Reasons Why People Stop Swinging
Some couples participate in the lifestyle once or twice a year; others swing every weekend, without fail. We are all different in how often we enjoy the lifestyle, and in what capacity we enjoy it. Stopping or taking a break from swinging can come about for a variety of different reasons.
- Pregnancy- I’m sure there are women out there who do swing while pregnant, and if you choose to then that’s fine by me, but I’m pretty sure the majority of female swingers take a break whilst pregnant. Plus, pregnancy combined with morning sickness and psychological changes, there’s a good chance you might need to take it easy!
- Medical reasons- you need to look after number one! If you’re not well and suffering from either physical or mental health issues, then you may feel like taking a break from swinging. Your health and wellness may well affect your body image and self-esteem, and sometimes taking some time out is what’s needed to get you back on track.
- Rules– when you swing, you always need to play by the rules, yours, and your partners. When rules are broken, for whatever reason, its advisable to stop swinging for a while whilst trust is reestablished. If boundaries that you have set out are crossed, then taking time away from the scene is vital to discuss how and if, you want to move forward.
- Life changes- work commitments, family life, financial constraints, these are all important factors in our lives that require our time and attention.
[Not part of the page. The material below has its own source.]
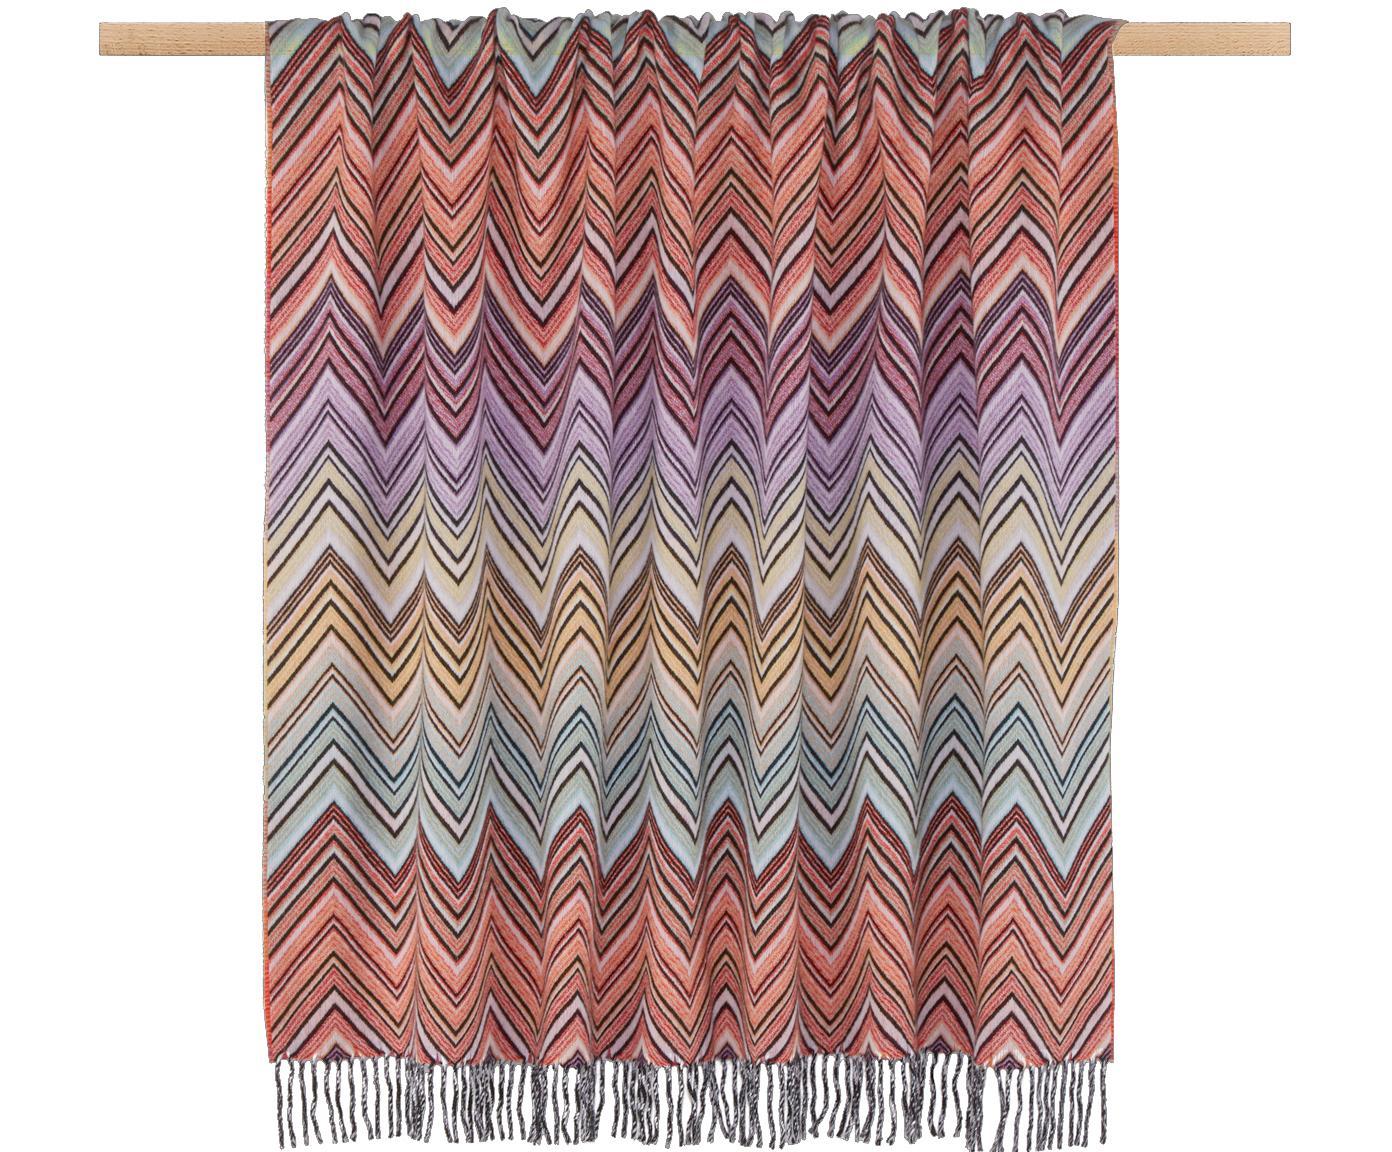 Wollen plaid Perseo, 90% wol, 10% kashmir, Oranje, multicolour, 130 x 190 cm

Career changes and trying to balance family life is hard enough without adding swinging into the mix. You don’t have to put swinging on hold permanently, but maybe put it on a back burner until you feel able to give it the time it deserves. It can be expensive too, especially if you pay for a hotel, club tickets and transport; you can soon spend a few £100s on one night. If you don’t have that expendable cash, or you need it for other things, then it may be advisable to give swinging a miss whilst you get your finances on track.
- Lack of availability- it can be very frustrating when your working all the time and feel you are missing out on all the swinger parties due to work responsibilities. I used to work pretty much every weekend, and getting a Saturday night off was difficult. Sometimes I felt reluctant to sign up to swinger sites and chat to couples as I knew that meeting them and making plans around my work schedule was tricky. It was easier to attend swinger parties on a less frequent basis but set aside dedicated time for them.
- Suppose you have been swinging too much! Sometimes swingers suffer from burn out. Going to clubs every weekend, parties and events, meeting new couples, having sex and chatting on what’s app groups can become exhausting. If you are continuously seeking out new couples, going to swinger clubs and talking 24/7 about sex, then chances are the magic is going to be lost. Make time for you and your partner, go somewhere, just the two of you. Spend time reconnecting and enjoying other pursuits. Swinging is great fun, but not the only fun you can have together.
- Bad swinger experiences- there have been times in the past I’ve been put off swinging by the behaviour of others in the lifestyle. Bad swinger dates, flakey swingers, couples with too much drama, sadly you will experience some negativity at some point. Not everyone is a conscientious swinger couple. Don’t let them put you off though, most swingers are great!
- Mental health– Sometimes, you’re just not feeling it. Perhaps whatever is effecting you has nothing to do with swinging and intimacy, or maybe it does. Whatever is causing you to feel not your best self needs addressing and taking some time away from swinging (which can be very intimate and emotional at times) is a good idea whilst you reconnect with yourself. I’d much rather swing when im feeling 100% myself and not running on 75% me.